The Best Evidence-Based Diet to Reduce IBS Symptoms

Nov 30, 2022 | Therapeutic Diets

For those struggling with IBS, the diet most likely to reduce symptoms (like gas, bloating, and unpredictable diarrhea) is a low FODMAP diet.

What is a low-FODMAP IBS diet?

A low FODMAP diet is an eating pattern that does not include FODMAPs.

What are FODMAPs?

FODMAPs (which stands for fermentable oligosaccharides, disaccharides, monosaccharides and polyols) are dietary sugars that your (human) body cannot completely digest or break down.

Humans lack the enzymes to digest these small, fermentable carbohydrates. However, these carbohydrates are rapidly fermented by your resident gut bacteria, resulting in gas and bloating.

These small sugars are also osmotic, meaning they pull water into your gut, causing diarrhea.

Do FODMAPs impact everyone the same way?

No, FODMAPS do not impact everyone the same way. 

While FODMAPs cause distention in everyone who eats them, people with IBS feel the gas and bloating more than people without IBS. In other words, people with IBS are more sensitive to FODMAPs than people without IBS.

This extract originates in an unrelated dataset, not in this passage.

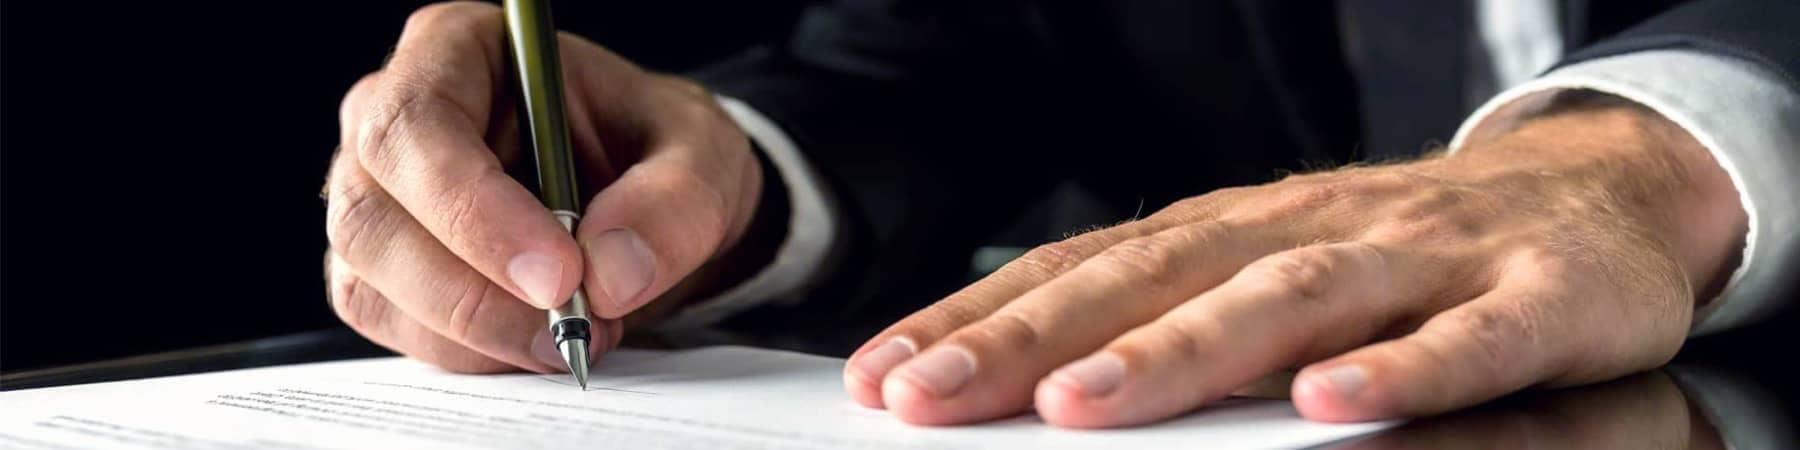 Hands of Man in Suit Signing Document
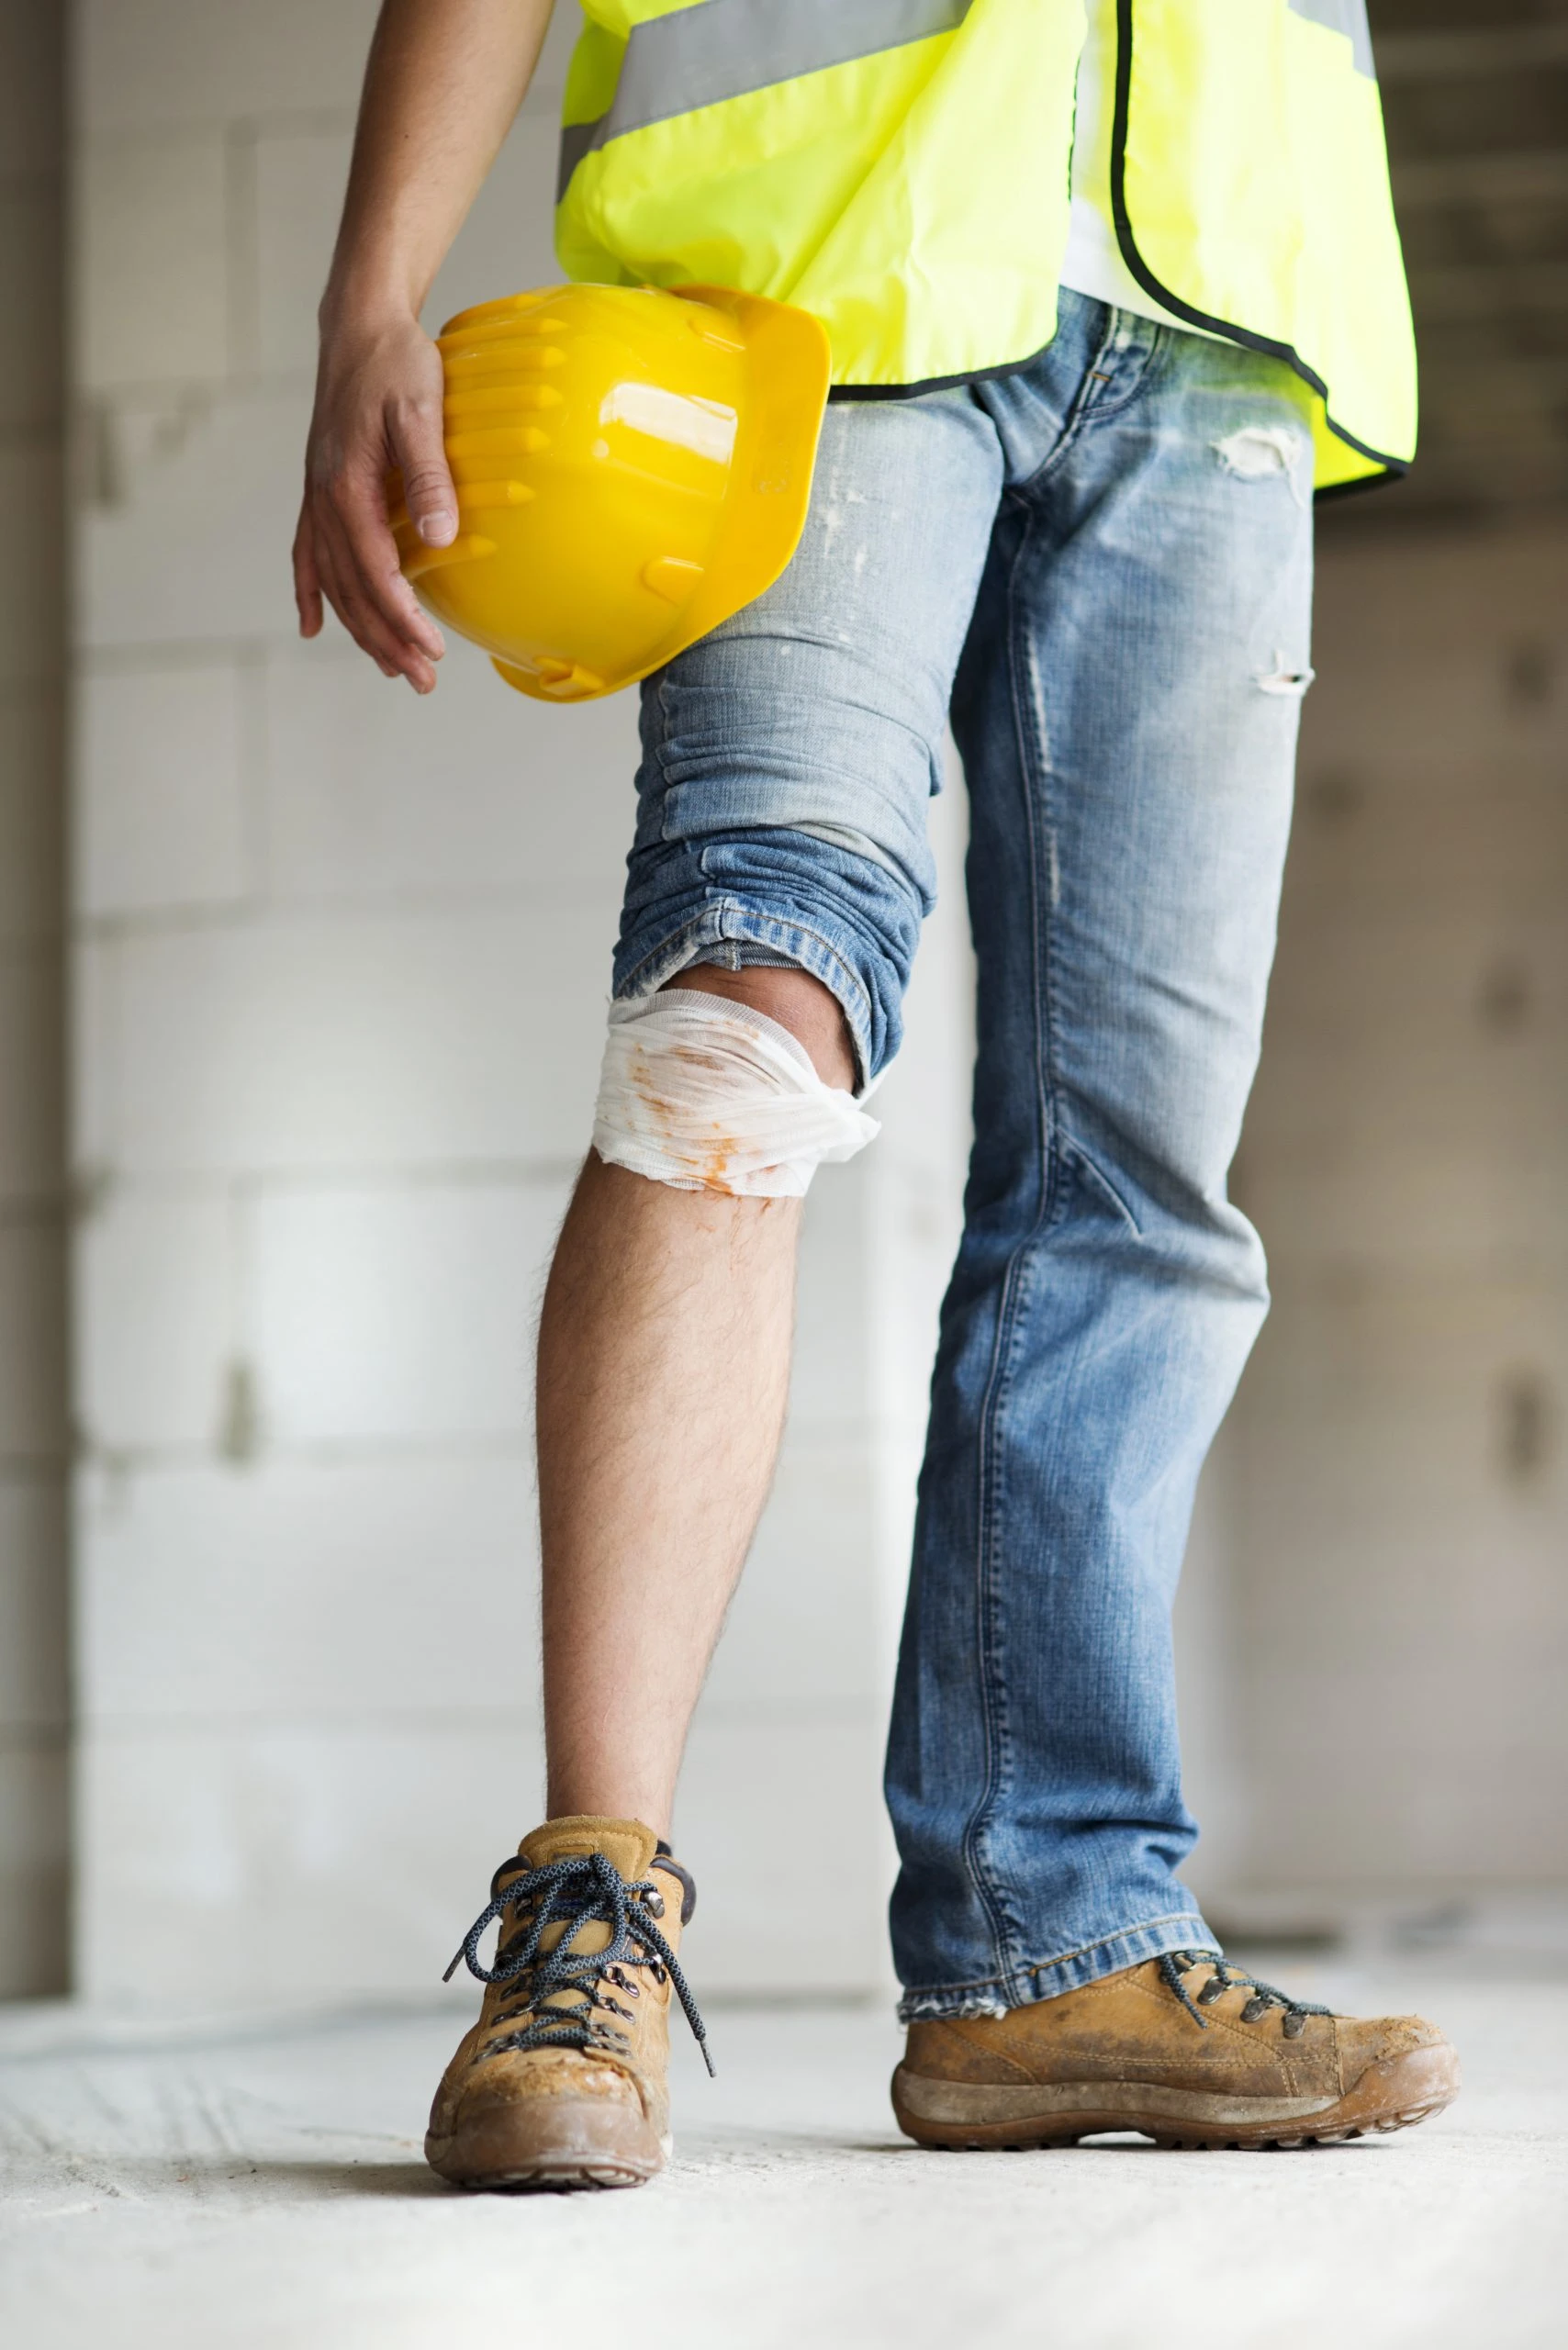 graphicstock construction worker has an accident while working on new house B0gwzv0qZb scaled

Why do FODMAPs impact people with IBS more than others?

FODMAPs impact people with IBS more because people with IBS tend to have hypersensitive nerves in their gut (visceral hypersensitivity). These oversensitive gut nerves react quickly to any subtle changes in the gut. Then, these sensitive nerves tell the brain (through the gut-brain axis) to cause IBS symptoms like constipation, pain, diarrhea, and more.

Is stress a significant factor in IBS?

Yes. Stress often triggers people with IBS to fall into (and get stuck in) an unfortunate cycle where stress triggers IBS symptoms, which in turn causes more stress, which then triggers more IBS symptoms. And on. And on.

Image by wayhomestudio on Freepik

Do I have to follow a low-FODMAP IBS diet forever?

No, I would never recommend that anyone follow a low-FODMAP diet forever. 

While a low-FODMAP diet can be helpful to reduce your IBS symptoms in the short term, it’s not health-ful to follow a low-FODMAP diet indefinitely. 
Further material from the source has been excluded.